ロドリゲスの前まで連れてこられたが、ソフィアラの意図が分からずビクビクする情けない俺。


「どうした? ソフィアラ」


「お父様、MPを増やす危険な方法があるらしいの。

やってもいいかしら」


あ、そういうこと。


でもちょっと語弊があるぞ。


「家庭教師の初日から、君はソフィアラに何をおかしなことを吹き込んだのかな」


若干切れかけてる。


まぁ、この言い方だとこうなるよね。


「今日見せていただいて、お嬢様はMPが少ないものの、魔法操作においては素晴らしい才能をお持ちでした。
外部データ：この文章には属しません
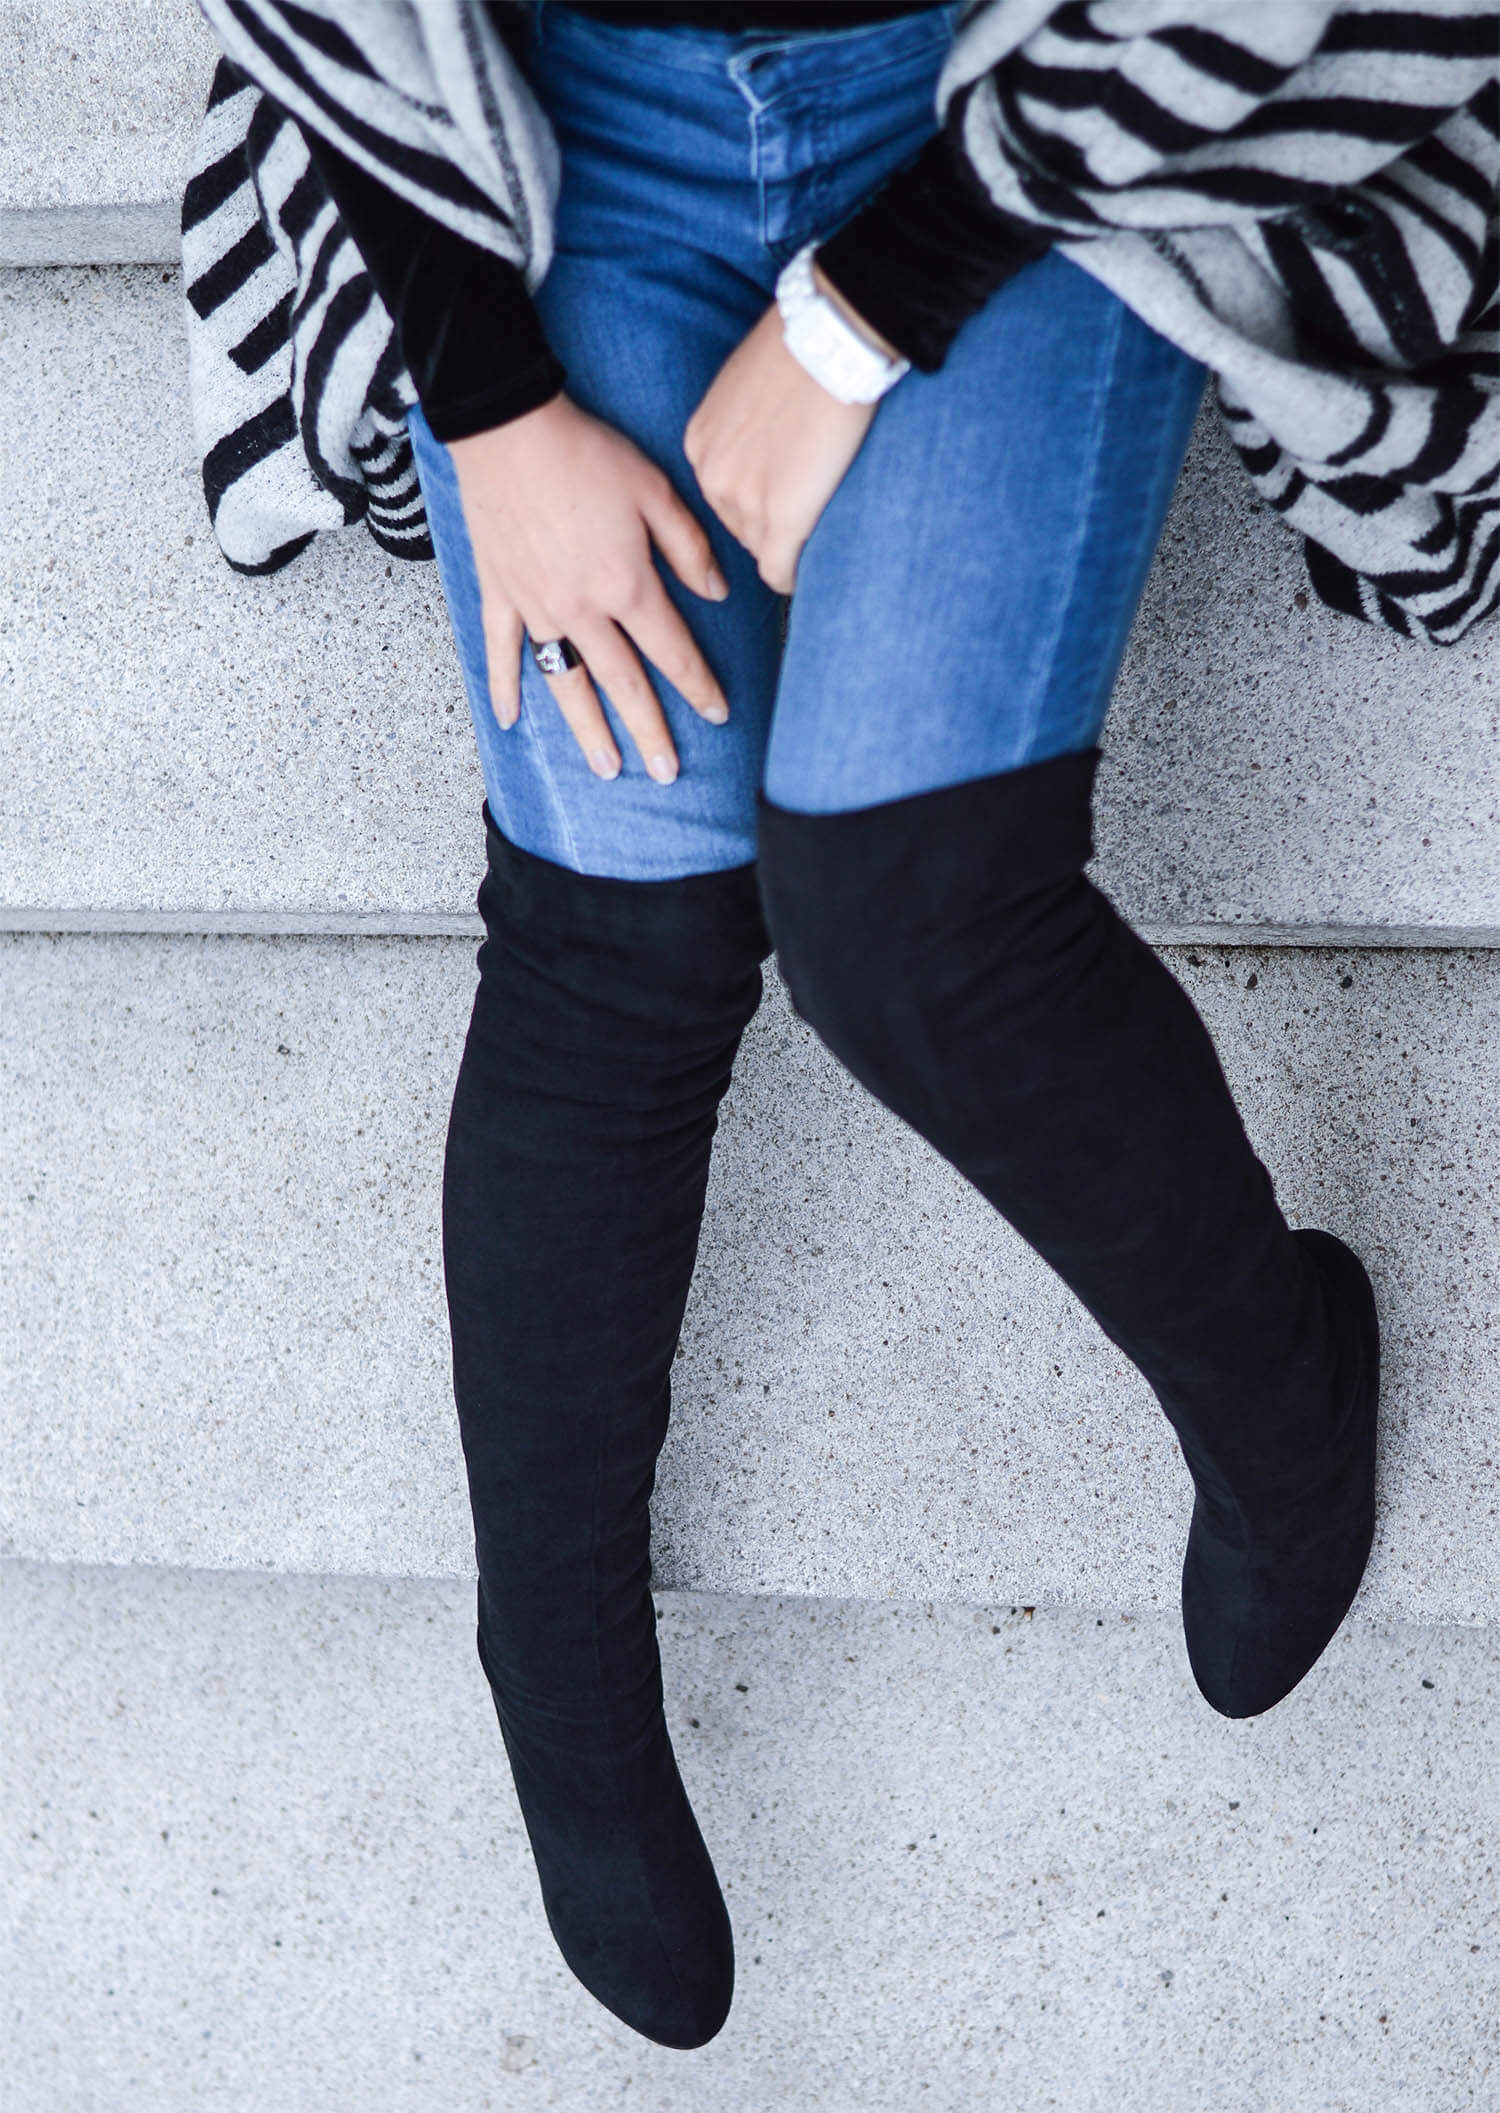 Kationette Fashionblog Outfit: Velvet Bodysuit, Overknees and Zara Cape Streetstyle Curls

そのためMPさえどうにかなれば良い魔法使いになれると思い、MPを増やせる可能性があることを提示しました。

危険が伴う可能性があることもお伝えしましたが、お嬢様が即答でやるとおっしゃりまして……。

こちらが悩んでいると、ここまで連れてこられた有様でして……」


「そうなのか? ソフィアラ」


「そう」


「はぁ、なるほどな。

この子は見た目とは裏腹にかなり積極的だ。

しかし今のように言葉足らずなことも多い。

とりあえず話はわかった。

ちなみにどのような方法だ?」


ふぅー、あぶねえ。


まだ理解があってよかった。


「マナを注いで内側から魔力回路を広げようという方法です。

マナ回路は魔力の消費・回復を繰り返すことによって刺激されて、その内蔵量が増えると考えられます。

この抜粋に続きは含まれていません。